Beauty Like the Night

The Devil You Know

My False Heart

No True Gentleman

One Little Sin

A Woman of Virtue

A Woman Scorned

Never Lie to a Lady
by Liz Carlyle
(Pocket, $7.50, R) ISBN 1-41265-714-1
I felt some disappointment over Liz Carlyle’s last three titles. (Call it the three little numbers series: One Little Sin, Two Little Lies, Three Little Secrets.) They weren’t bad; they just didn’t have the ‘Wow’ factor I’m always hoping to find. Ever since she exploded onto the publishing scene in 1999, I have depended on Ms. Carlyle to produce consistently high-quality romance fiction. My faith has been restored: Never Lie to a Lady is a wonderful work I can strongly recommend.

Xanthia Neville is not the typical well-bred unmarried English miss of the late 1820's. She’s nearly thirty and is thinking about embarking upon an affaire. Raised with her brother in the West Indies, Xanthia is uninterested in the usual social life of an Englishwoman of her class. She is a businesswoman, deeply involved in the family shipping business.

When her brother Kieran, Lord Rothewell unexpectedly inherited the title, they returned to England, but Xanthia did not adjust her life to fit the English norm. She works out of an office near the docks in Wapping. Assisting her is Gareth Lloyd, who is part of their past in the West Indies. Gareth is in love with Xanthia, but she doesn’t love him and is not interested in marriage. She is unwilling to give up her freedom and her business interests to any husband.

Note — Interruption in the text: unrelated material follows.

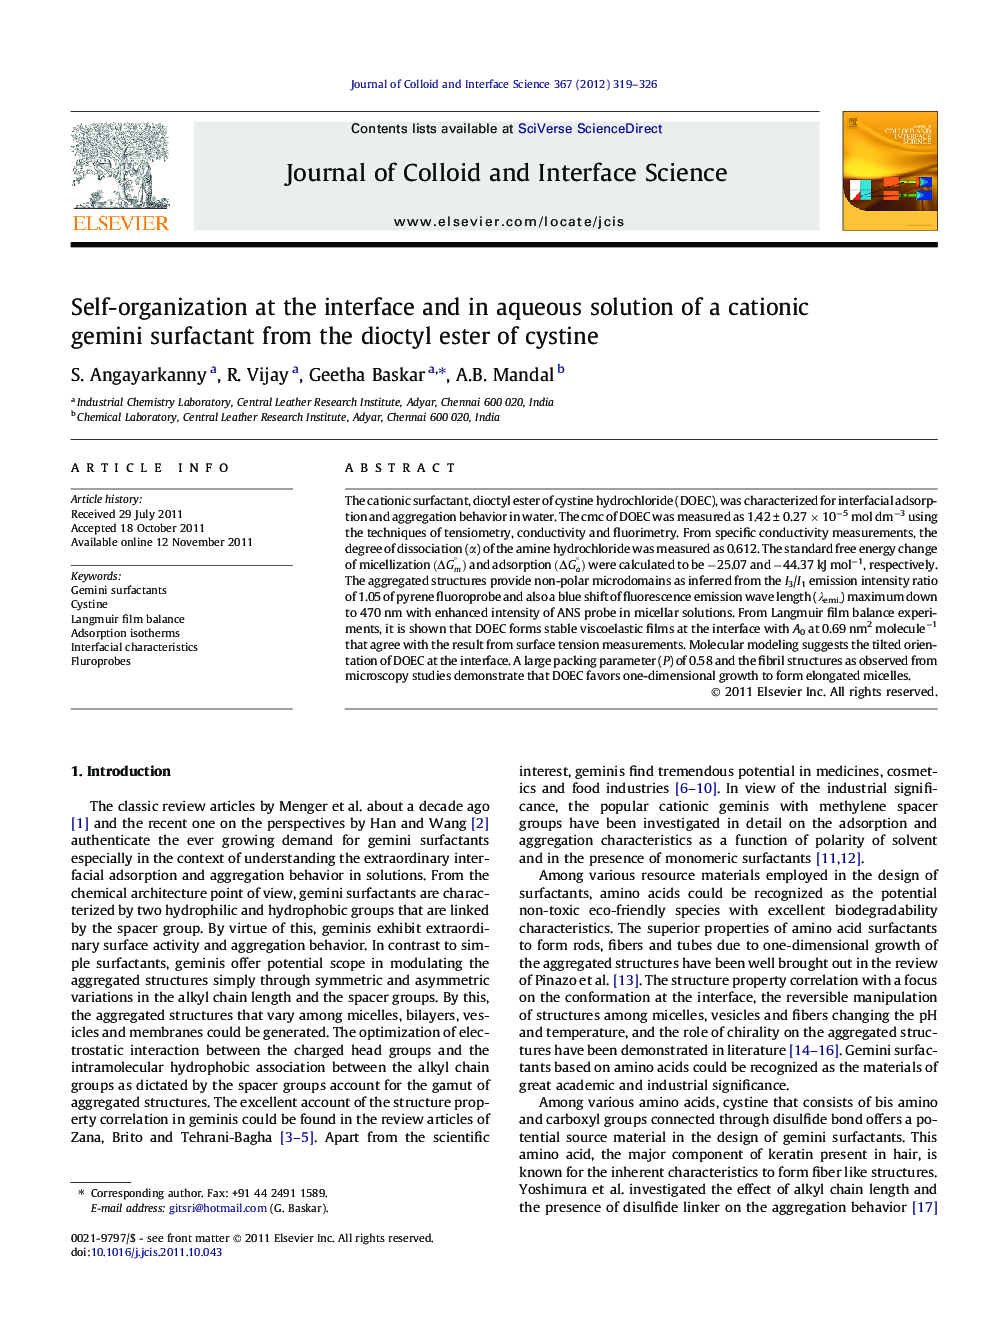 Self-organization at the interface and in aqueous solution of a cationic gemini surfactant from the dioctyl ester of cystine

Stefan, Lord Nash also inherited a title unexpectedly. The son of an English father and a Russian mother, he had believed his future would involve serving in the czar’s army. When his father came into the title, Nash moved to England, but he still feels a bit set apart from the rest of English society. He is close to his younger brother Tony but has reservations about Tony’s wife. He is also devoted to his stepmother and two young half-sisters.

Xanthia and Nash meet at a ball and are immediately, strongly attracted. They share a few indiscreet moments. Nash describes himself as a “gamester and professional sybarite.” He believes he has been deliberately entrapped but nevertheless offers marriage as a gentleman ought. He is surprised when Xanthia refuses his proposal. He is also puzzled by her brother’s statement that Xanthia is nearly engaged to a long-time friend.

Xanthia doubts she will have further contact with Nash because she so rarely attends any society functions. But when she is drafted to chaperone her cousin Louisa in her first season, she faces a round of social engagements. Fortunately, they are not the type to attract a sophisticated rake like Nash. Nash, however, has decided to pursue the unusual Miss Neville. Against her better judgment, Xanthia cannot ignore that she is drawn to him.

Xanthia’s plans change dramatically when Lord de Vendenhim and Mr. Kemble enlist her aid in investigating whether Lord Nash is working against England’s interests in the eastern Mediterranean region. Xanthia does not believe that Nash is involved in any such plot but realizes it provides her with an excuse to see him more frequently.

TRR reviewers don’t hand out five-heart ratings lightly. A book has to have it all: plot, characters, a solid romance, good writing. It is, therefore, something of a concession for me to give Never Lie to a Lady five hearts because I’m not certain it qualifies on all points. The pacing is sometimes uneven and the national security plot is more a device to get the characters together than a genuine story line, but the strong, appealing characters and the thread of humor woven into the story are just too good to consign it to a lower rating.

In my review of the author’s first book, My False Heart, I praised her handling of the reformed rake plot and said it set a new standard for me. This newest treatment reaffirms my opinion: when it comes to the reformed rake plot, no one does it better than Ms. Carlyle.

The romance between Nash and Xanthia is a strength. Xanthia is what has become a stock character – the older woman uninterested in marriage. Similarly, Nash is the stereotypical unrepentant rake. Their gradual willingness to change is what makes the romance so convincing. These two characters are indisputably right for each other.

If you’re a long-time romance reader and think you’ve read it all in one form or another, you’ll be pleased to know Never Lie to a Lady offers something new. There’s one scene (pages 258-260) that charmed me with its originality and had me laughing out loud. Any book that includes that scene deserves a wide audience.

Never Lie to a Lady is the first in a new series by the author. (The next book will feature Gareth Lloyd as the hero.) Many of Ms. Carlyle’s books, however, have continuing characters. Her fans will recognize some of these characters from earlier books, particularly the hero of No True Gentleman, Max de Rohan, and George Kemble. Kemble is a particularly welcome addition to this story since he provides much of the humor.

If you’ve enjoyed Liz Carlyle’s books in the past, you won’t want to miss Never Lie to a Lady. It illustrates why she’s a top-tier romance author and an auto-buy for many fans. This one is a definite winner.